This production of Simon Boccanegra premiered in March 2007 under Lluis Pascual. I could not see it at the time and therefore can’t tell whether it has aged well or not, but it is not an interesting production, much less a brilliant one. Everything takes place in dark environments with the somber sea aways present at the back of the stage. It’s a minimalist production with an almost bare stage except for some stands for the Council scene and some mirrors for the Grimaldi mansion in the first act. Costumes respond to the historical era of the action, but they’re not the best work that I have seen from Franca Squarciapino.
The stage direction is unconvincing. The chorus is static on stage and only a few extras occasionally make some movement. The direction of the actors is quite basic and characters like Paolo or Gabriele Adorno are rather colorless; obviously, Superman Domingo does not need to be told what to do in his character. The pivotal scene of the Council was too flat.

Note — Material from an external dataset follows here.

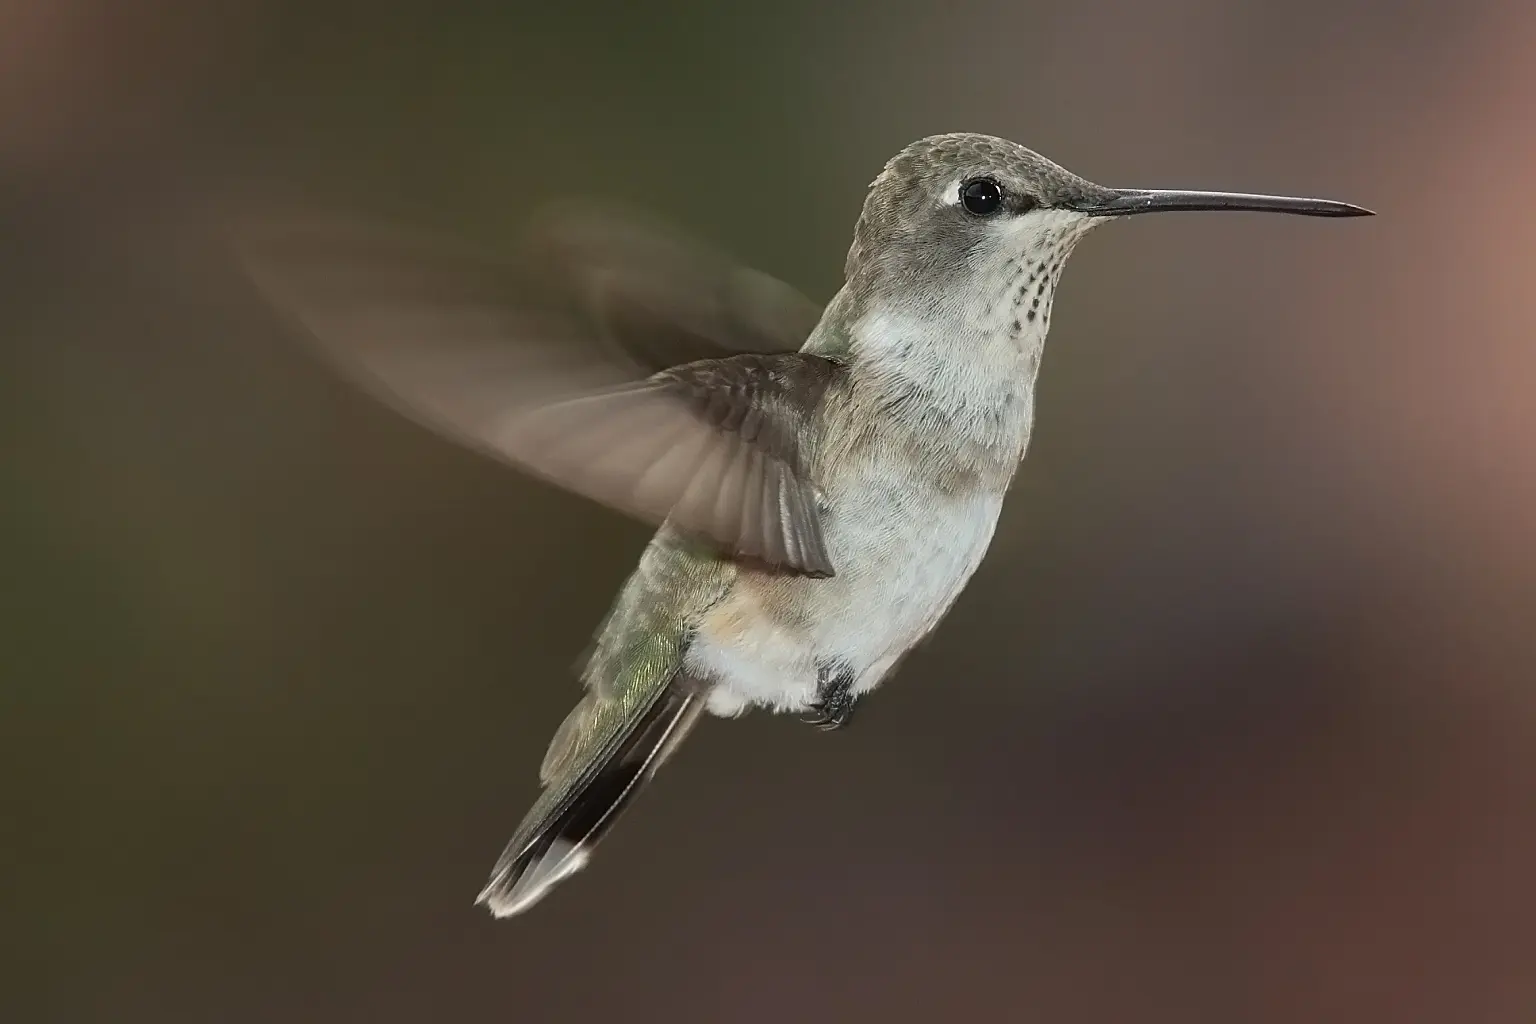 porque el picaflor se alimenta del néctar de las flores - Qué tipo de relación es cuando un colibrí se alimenta del néctar de las flores mientras las poliniza

This opera in the revised 1881 version has always held great appeal for the top conductors, and there are good reasons for this. The scene of the Council, to which I referred above, and the last act are among the best by Verdi. A great conductor is needed to do justice to this score, and I’ll only refer to three of them. First, there’s the great Claudio Abbado, to whose memory these performances in Valencia are dedicated; through his version I discovered and learned to love this splendid opera. Then there is Riccardo Muti, a Verdi conductor par excellence in recent years, whose reading of Boccanegra reaches sublime heights. Finally, I would mention Christian Thielemann, who rarely conducts the Italian repertoire but has chosen to do this opera next June in Dresden.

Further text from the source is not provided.